When the Scientific Model Fits, but the Material Doesn’t - A Reformix Case Study on Hands-On Contextual Material Characterisation

Aug 1, 2024
2 min read

Updated: Feb 17

X-ray diffraction (XRD) is a powerful analytical tool, but it is not self-validating.

In a recent materials characterisation project, Reformix reviewed a quantitative XRD (qXRD) analysis of an amorphous opaline silica deposit. The Rietveld refinement model indicated significant crystalline silica phases, including cristobalite and tridymite, with crystalline content reported as high as 68 wt.%.

On paper, the statistical fit appeared acceptable.

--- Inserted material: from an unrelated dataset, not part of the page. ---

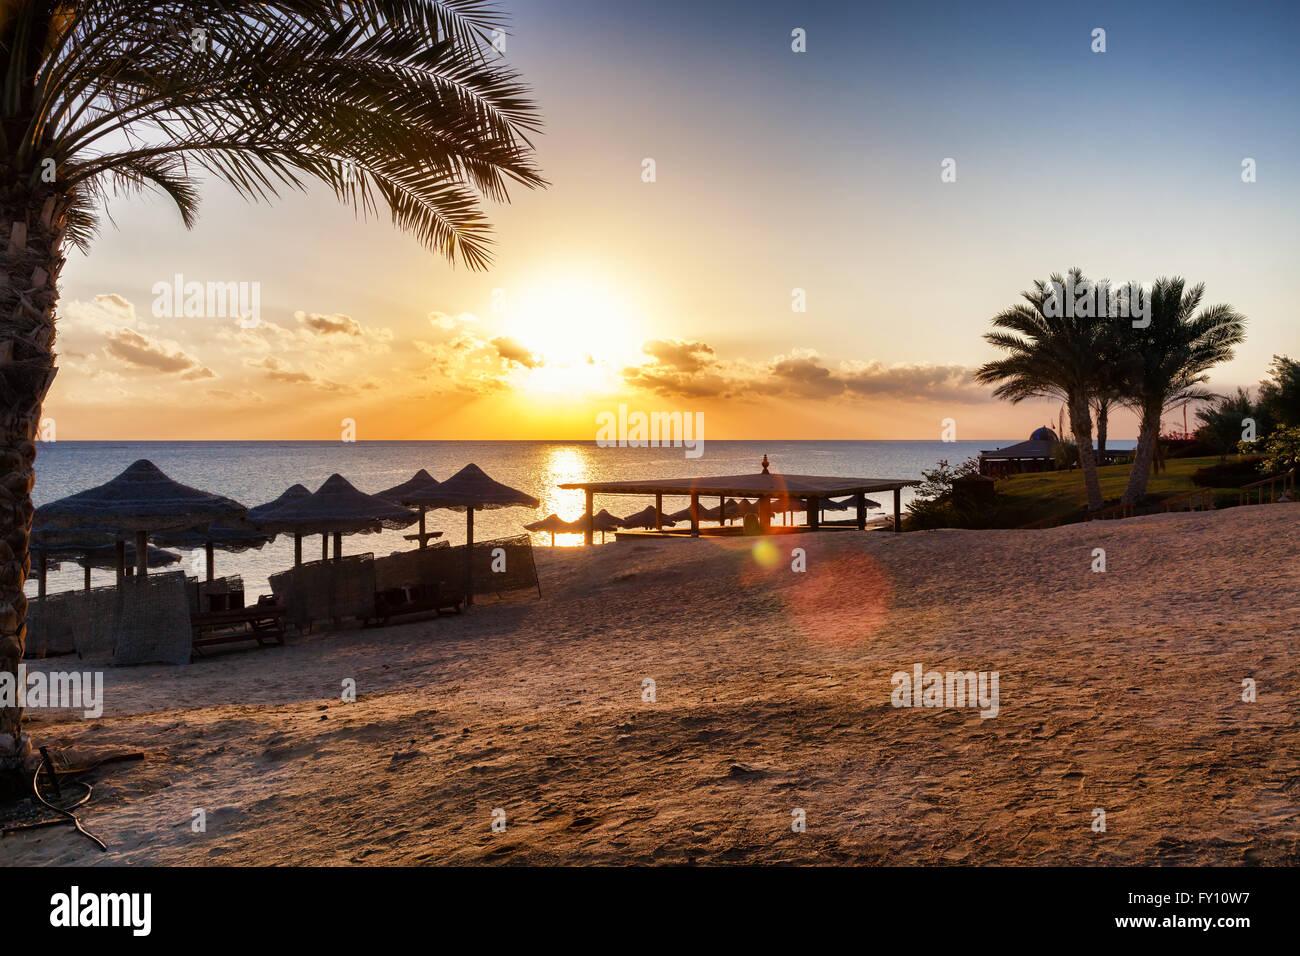 Precioso atardecer en la playa Imagen De Stock

In practice, the interpretation did not align with the material and the misinterpreted results could've been catastrophic.

The Context Problem

The geological history of the deposit indicated no high-temperature processing, a necessary condition for the formation of crystalline polymorphs such as tridymite. SEM observations and internal qXRD from Reformix further supported a predominantly amorphous morphology and composition.

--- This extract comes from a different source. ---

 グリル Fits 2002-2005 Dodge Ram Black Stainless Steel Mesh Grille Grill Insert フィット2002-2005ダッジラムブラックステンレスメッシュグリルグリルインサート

The discrepancy arose from a common analytical limitation:

Crystalline solids exhibit peak-like characteristics and have their mathematical parameters crystallographically defined for qXRD modelling. Amorphous materials are usually characterised by broad diffraction humps and are usually never mathematically fitted as crystalline phases... But for materials in the middle (termed mineraloids), that is, not fully amorphous nor completely ordered crystals; the humps become narrow and are commonly mistaken for crystalline peaks. If one is mistaken for the other, misinterpreted results are inevitable - no matter how good your statistics are.

*A sample X-Ray Diffractogram obtained showing crystalline and mineraloid 'peaks' above a smaller amorphous hump.*

Independent Validation

To resolve the inconsistency, Reformix requested chemical dissolution testing.

Under this method:

It can be assumed that amorphous material dissolves; and
Cristobalite and other crystalline SiO₂ polymorphs do not.

The result showed a whopping 61 wt.% mass loss - directly confirming a substantial amorphous fraction inconsistent with the previously modelled crystalline content.

Following this validation, the XRD interpretation was revised to reflect the material’s actual phase composition.

Why This Matters

Misclassifying amorphous silica as crystalline phases has serious practical consequences, including:

Inflated respirable crystalline silica (RCS) reporting
Distorted reactivity assumptions
Misguided product development decisions
Incorrect regulatory positioning

Rietveld refinement is a modelling tool. Like any model, it requires boundary conditions informed by chemistry, geology and microscopy - not just mathematics.